TASK STATEMENT: Once the pictures are set aside, transcribe the remaining data exactly.

THE DATA:
◆ ◆ ◆

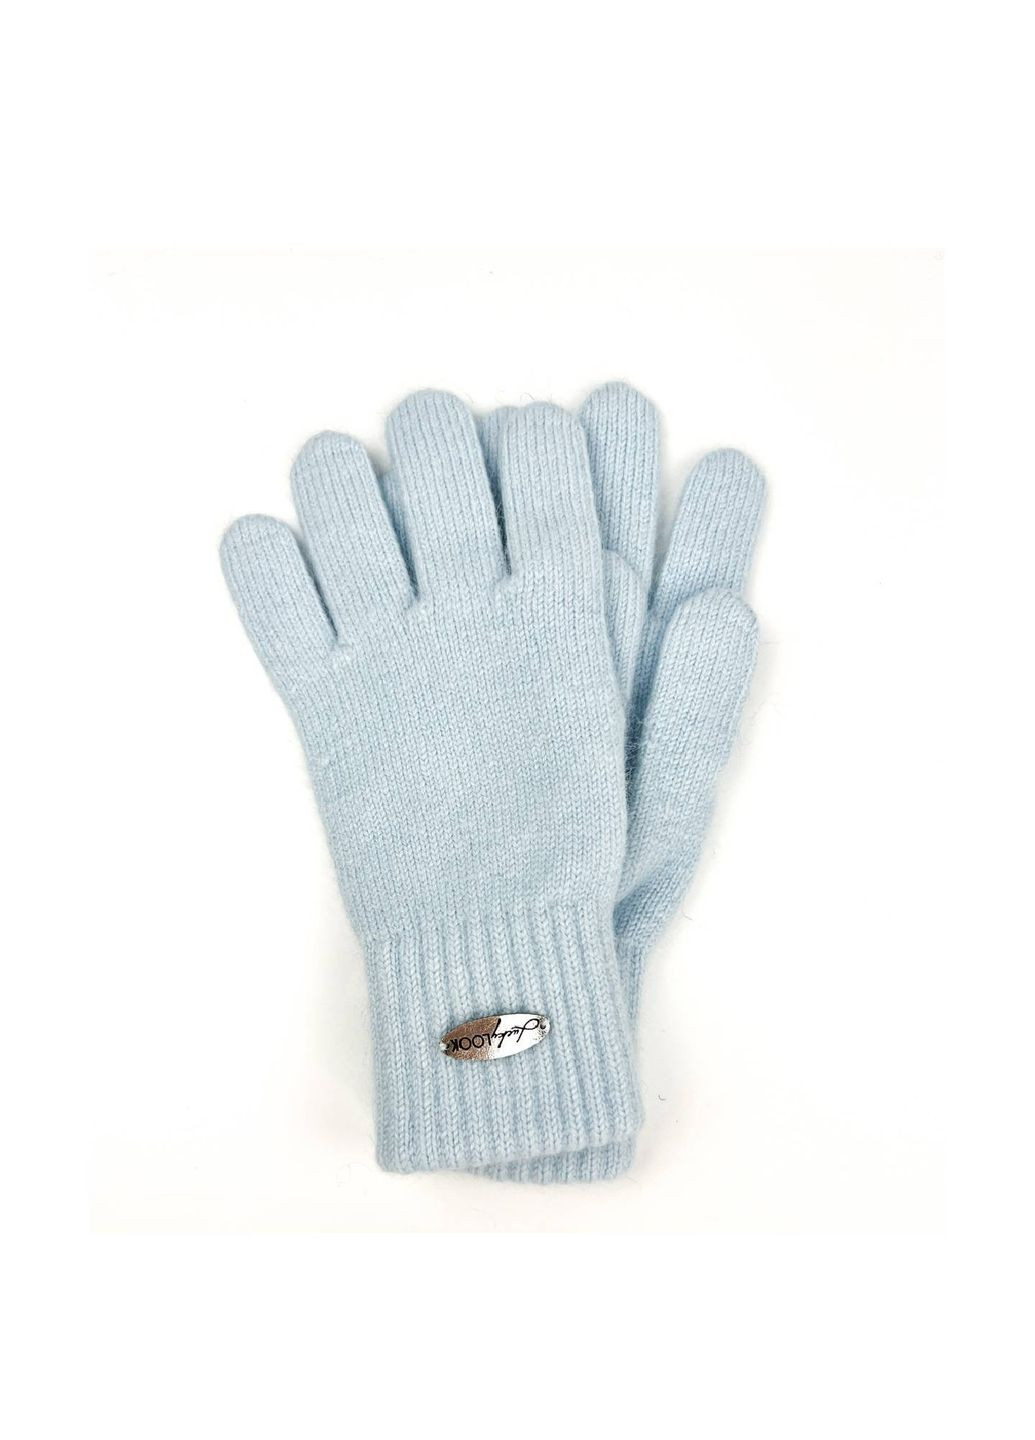 Перчатки женские ангора с вискозой голубые MERLYN LuckyLOOK 255-227 (290278112)
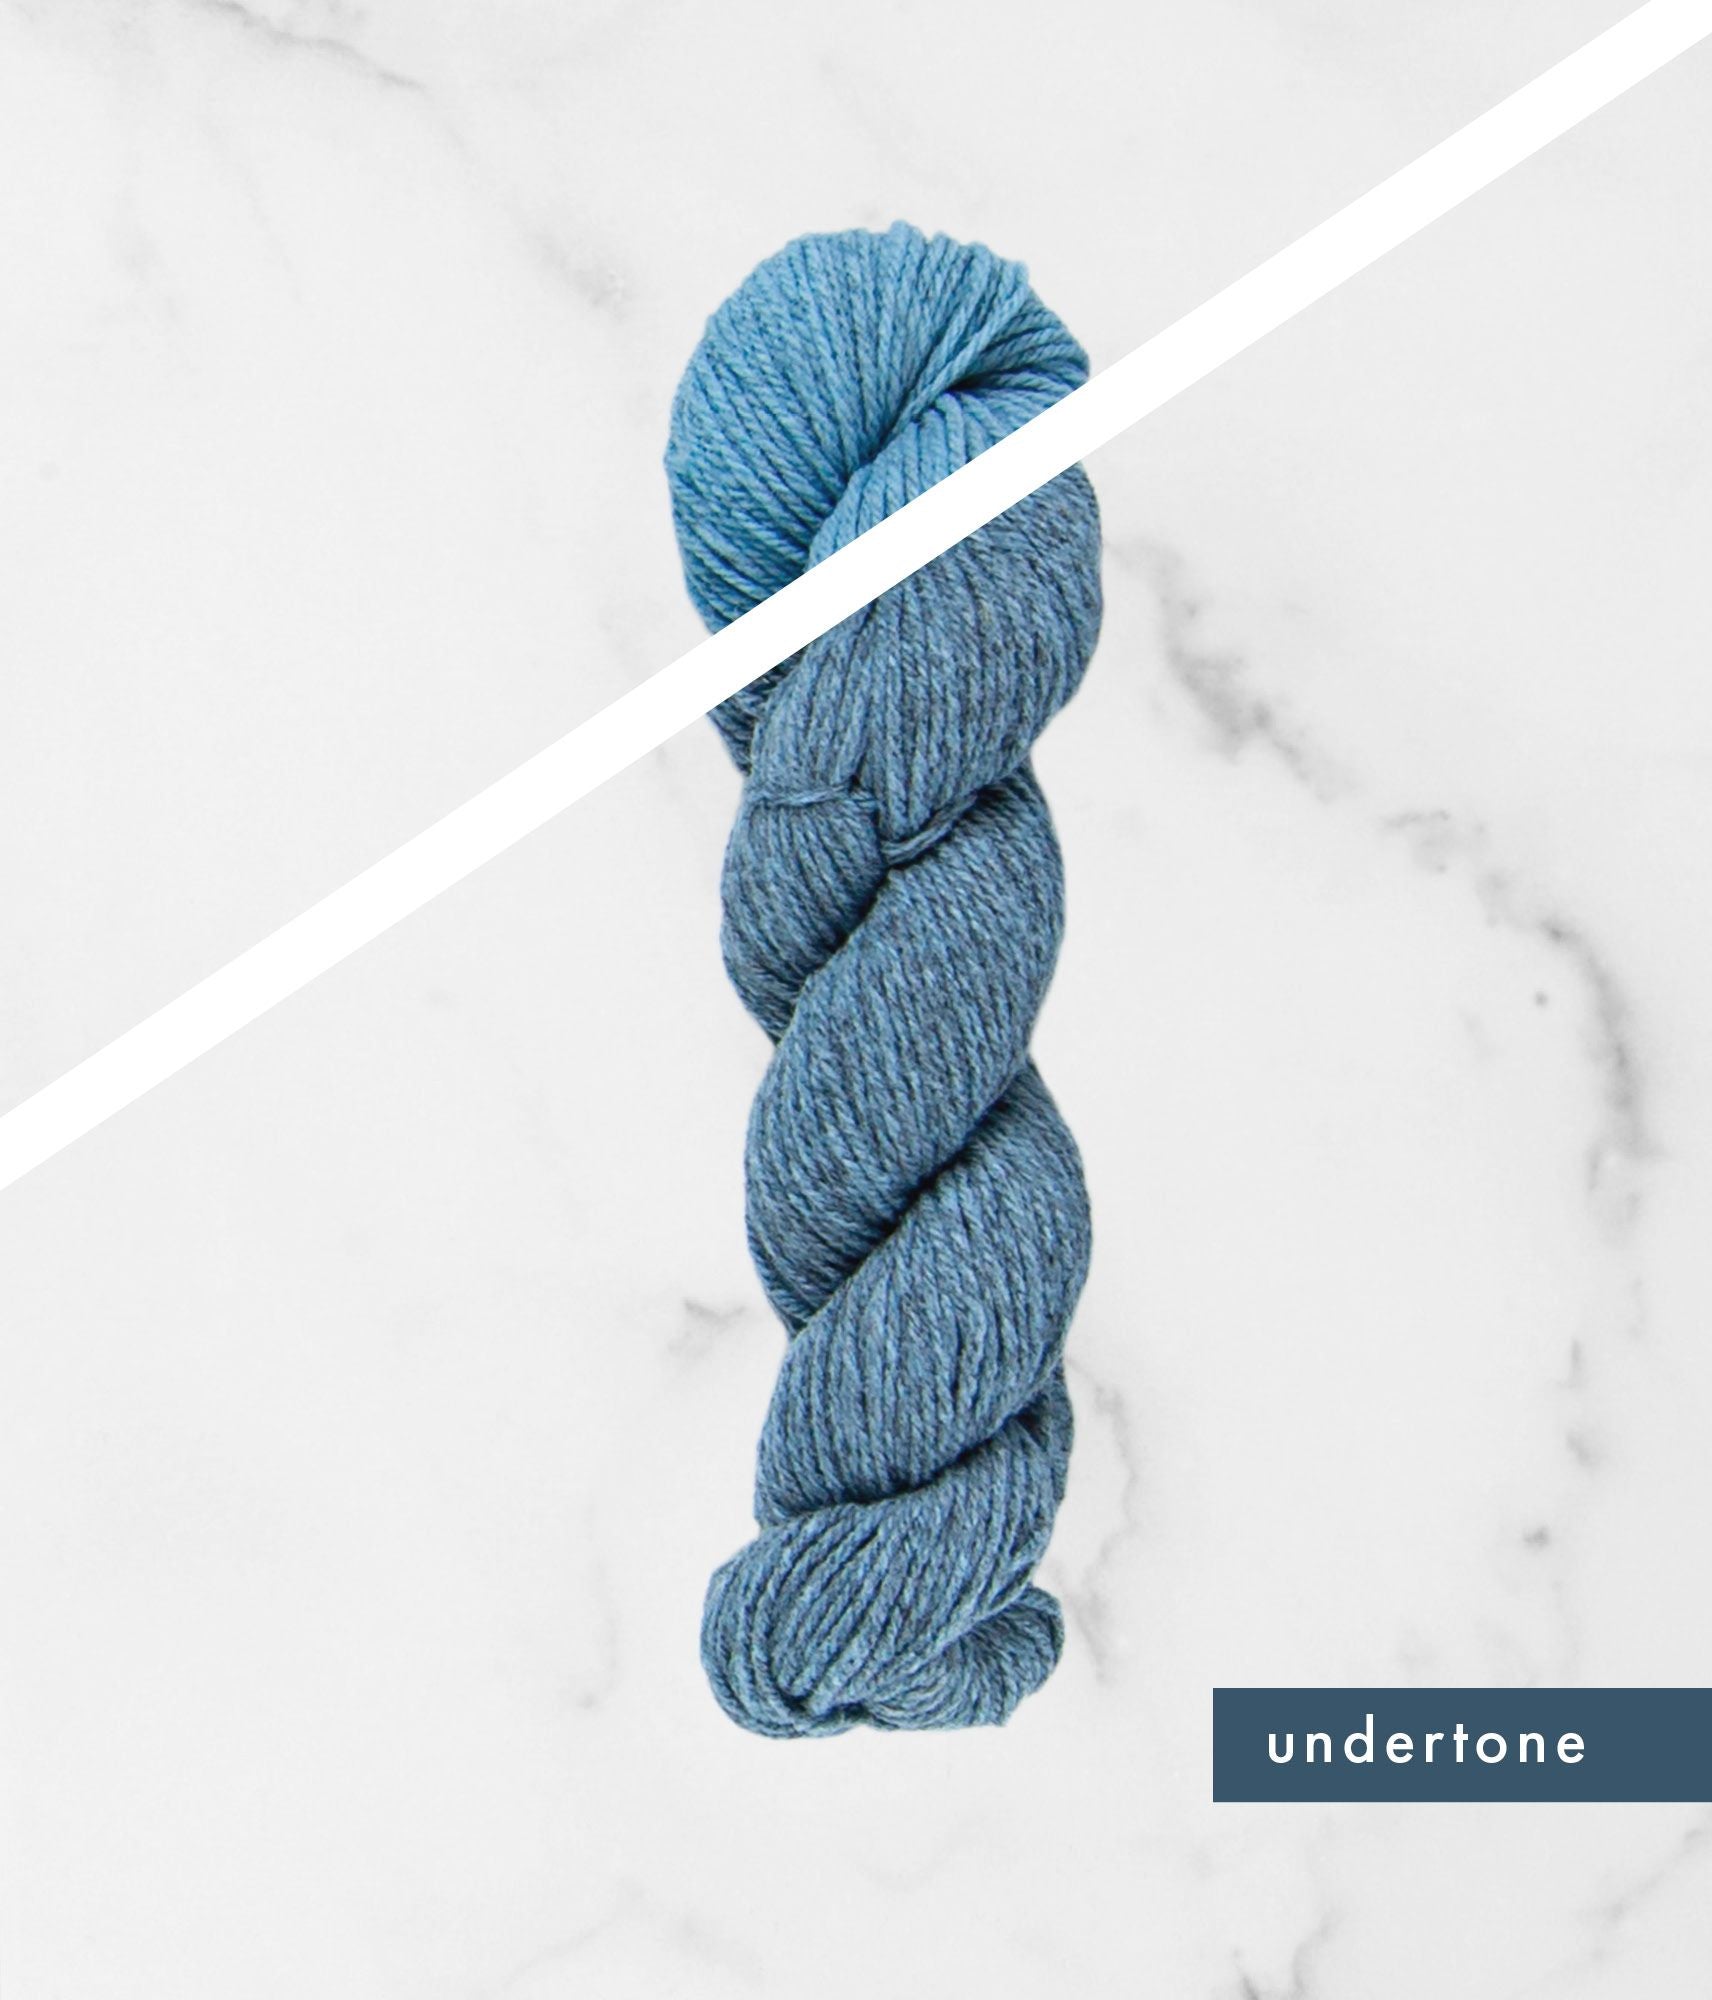 Blue overtone and undertone BT Tones hanks of yarn
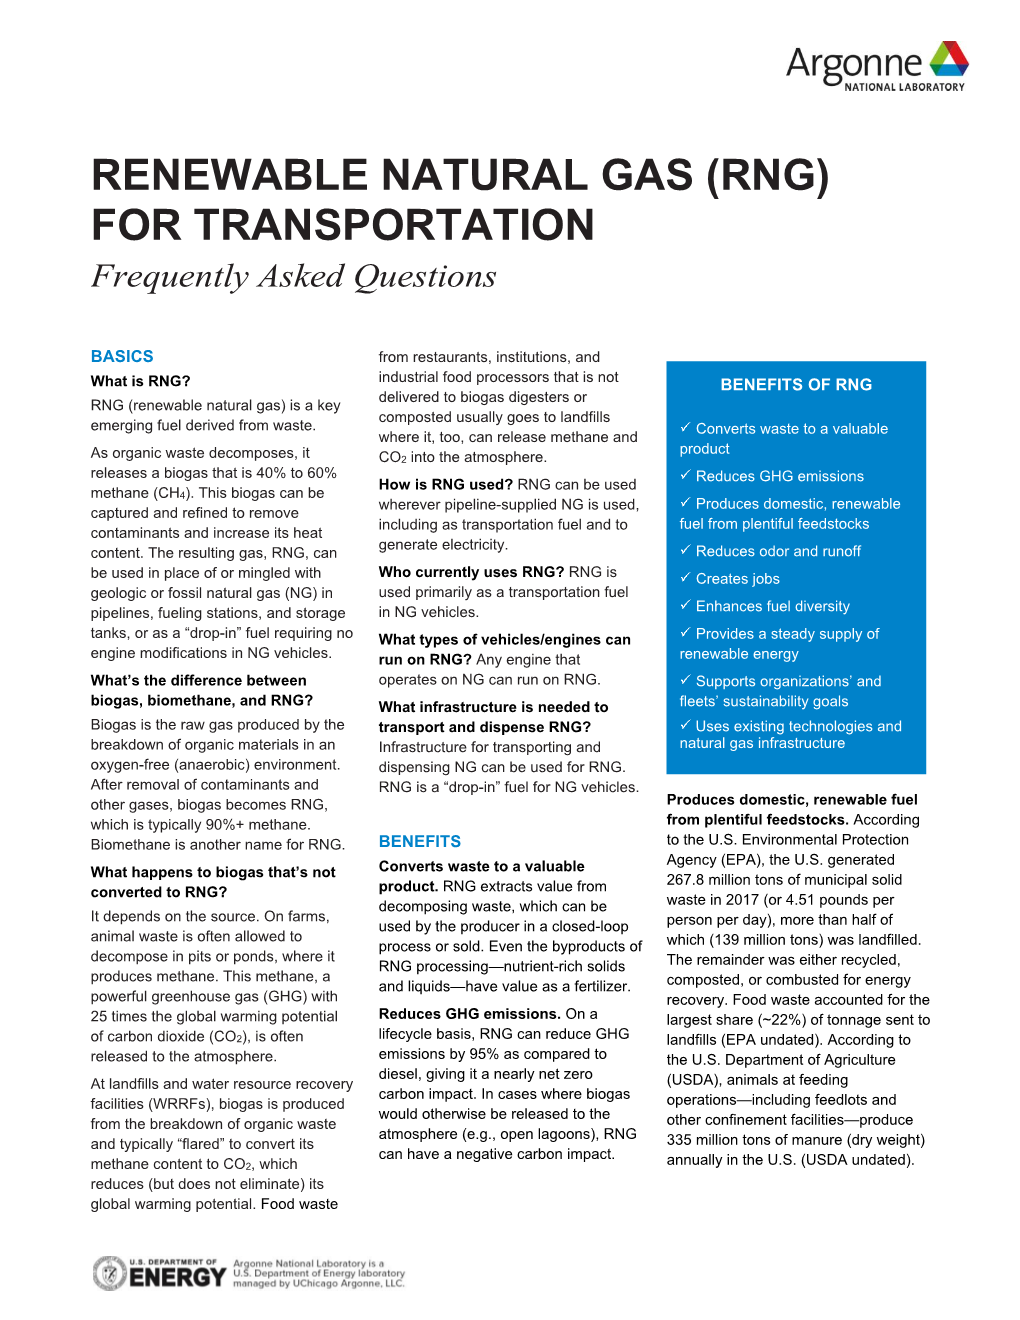 Renewable Natural Gas (Rng) for Transportation

◆ ◆ ◆

SOLUTION BELOW:
 Перчатки женские ангора с вискозой голубые MERLYN LuckyLOOK 255-227 (290278112)
 Blue overtone and undertone BT Tones hanks of yarn
 Renewable Natural Gas (Rng) for Transportation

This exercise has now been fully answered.